=== Exercise description ===
Take the listing below and write it out again exactly, skipping any picture that it holds.

=== Stored data ===
- - -

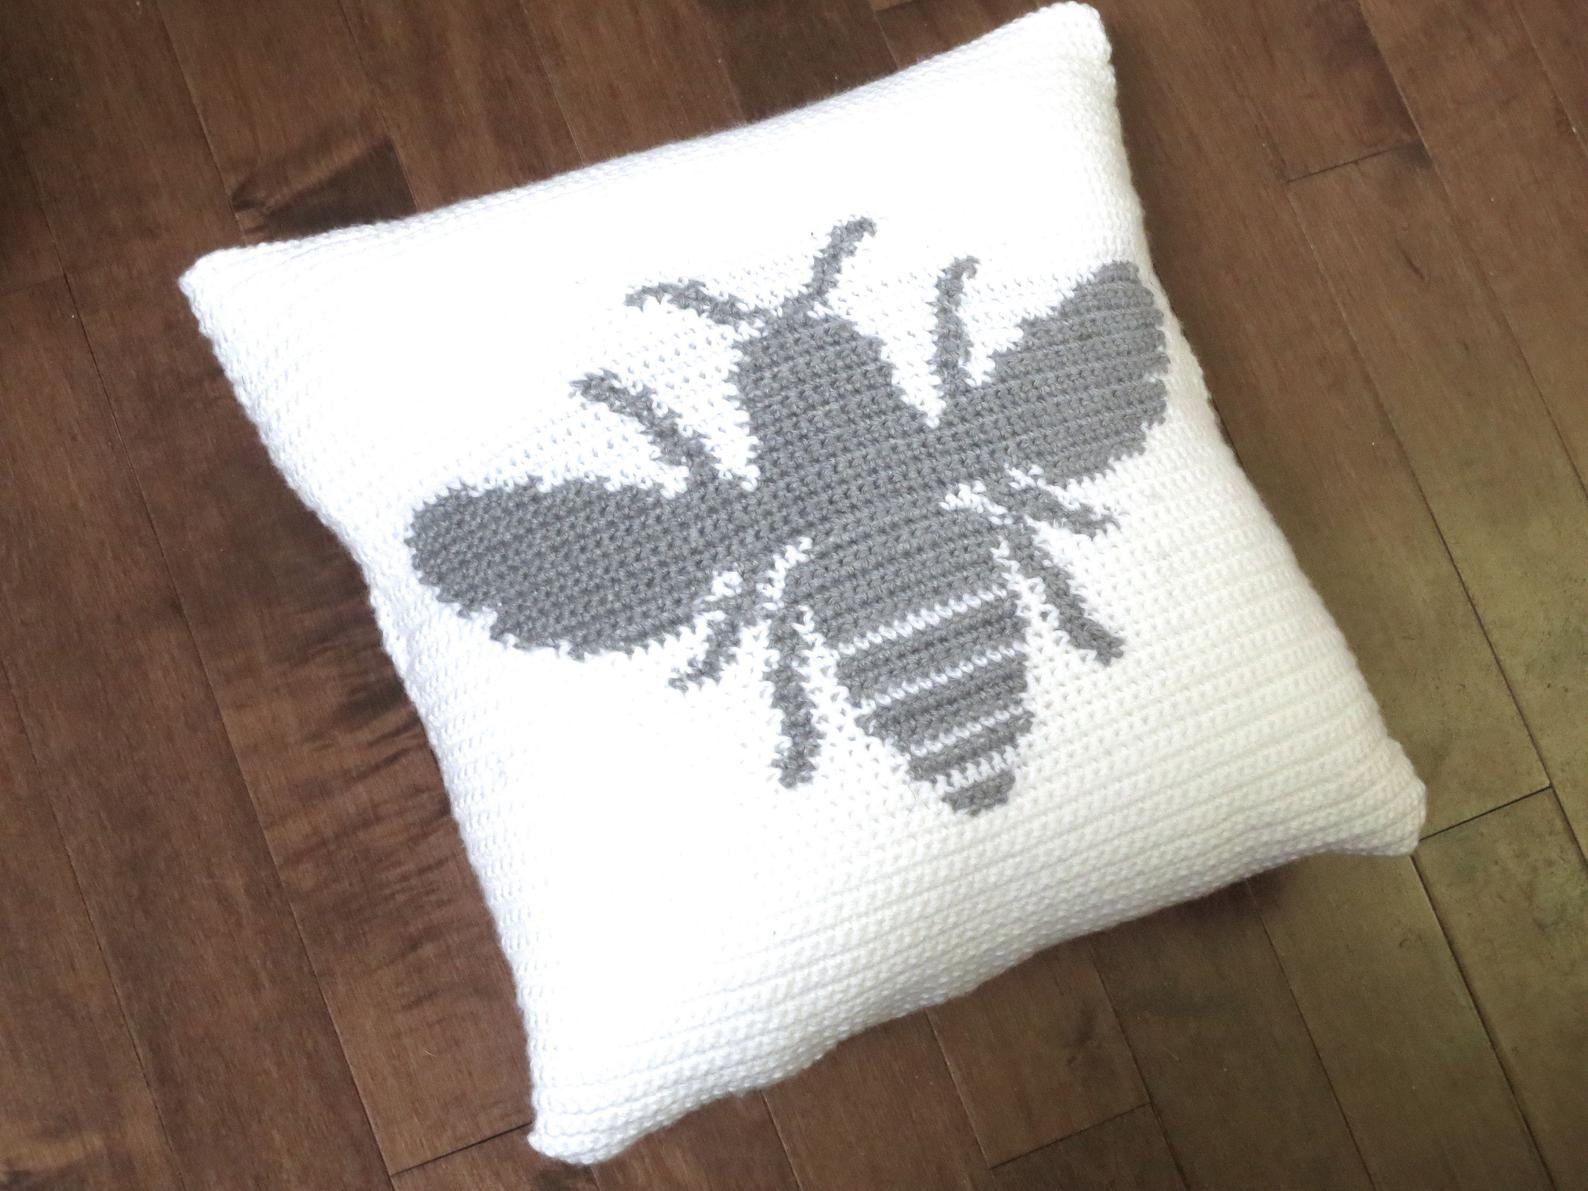 Crochet Pattern Bumble Bee Pillow Crochet Pillow DIY Decoration Farmhouse Style Home Decor Boho Easter Decor Bee Crochet Cushion Pattern
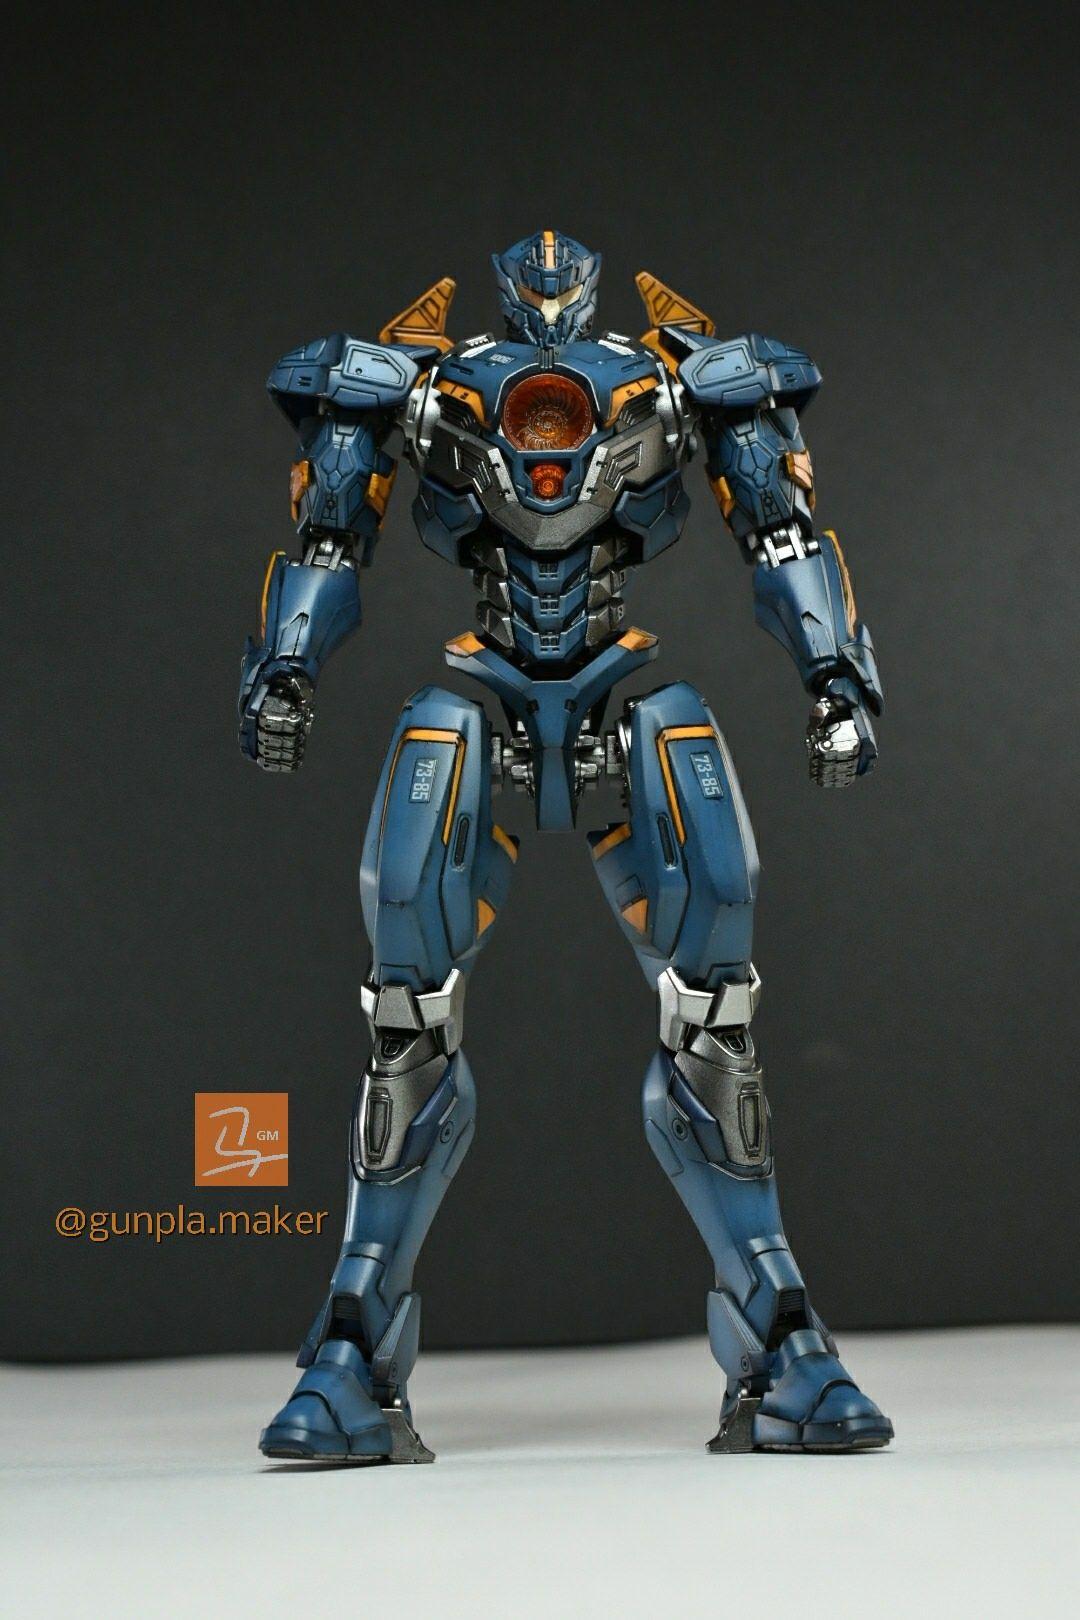 Community Spotlight Gunpla Maker Hg Gipsy Avenger Pacific Rim Avengers Futuristic Armour
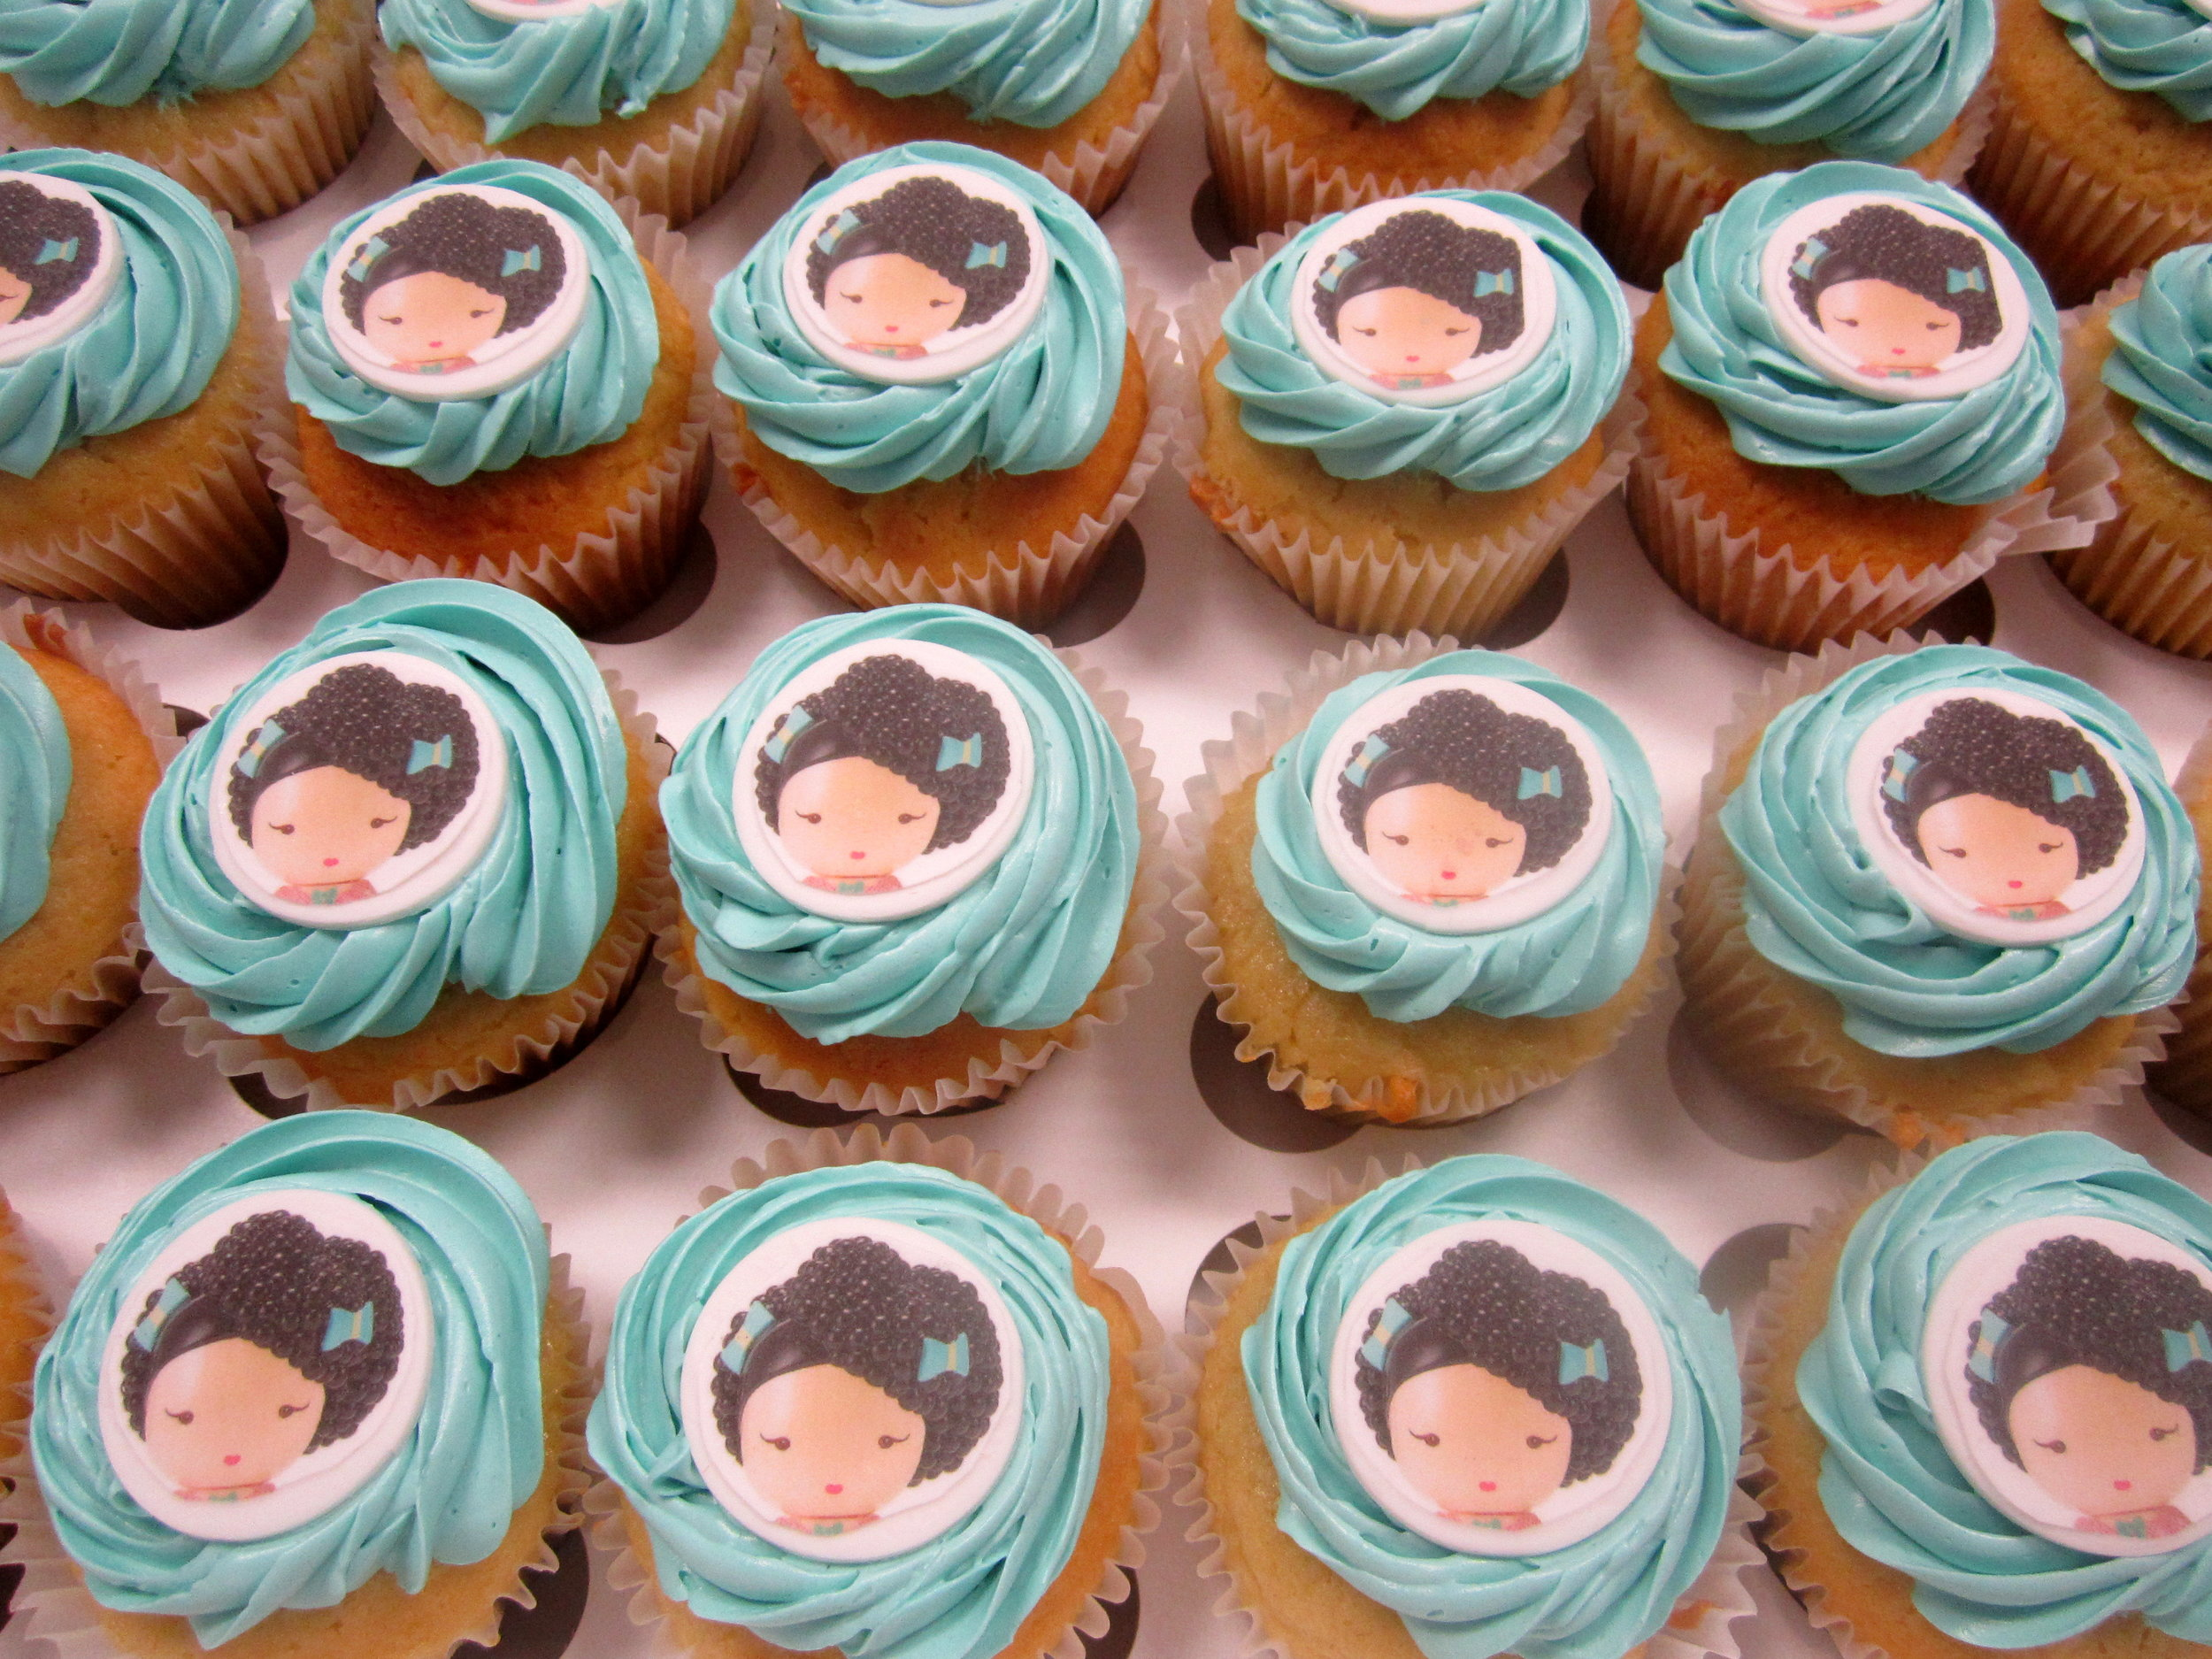 cupcakes-gwen stefani.jpg

- - -

=== Exercise result ===
 Crochet Pattern Bumble Bee Pillow Crochet Pillow DIY Decoration Farmhouse Style Home Decor Boho Easter Decor Bee Crochet Cushion Pattern
 Community Spotlight Gunpla Maker Hg Gipsy Avenger Pacific Rim Avengers Futuristic Armour
 cupcakes-gwen stefani.jpg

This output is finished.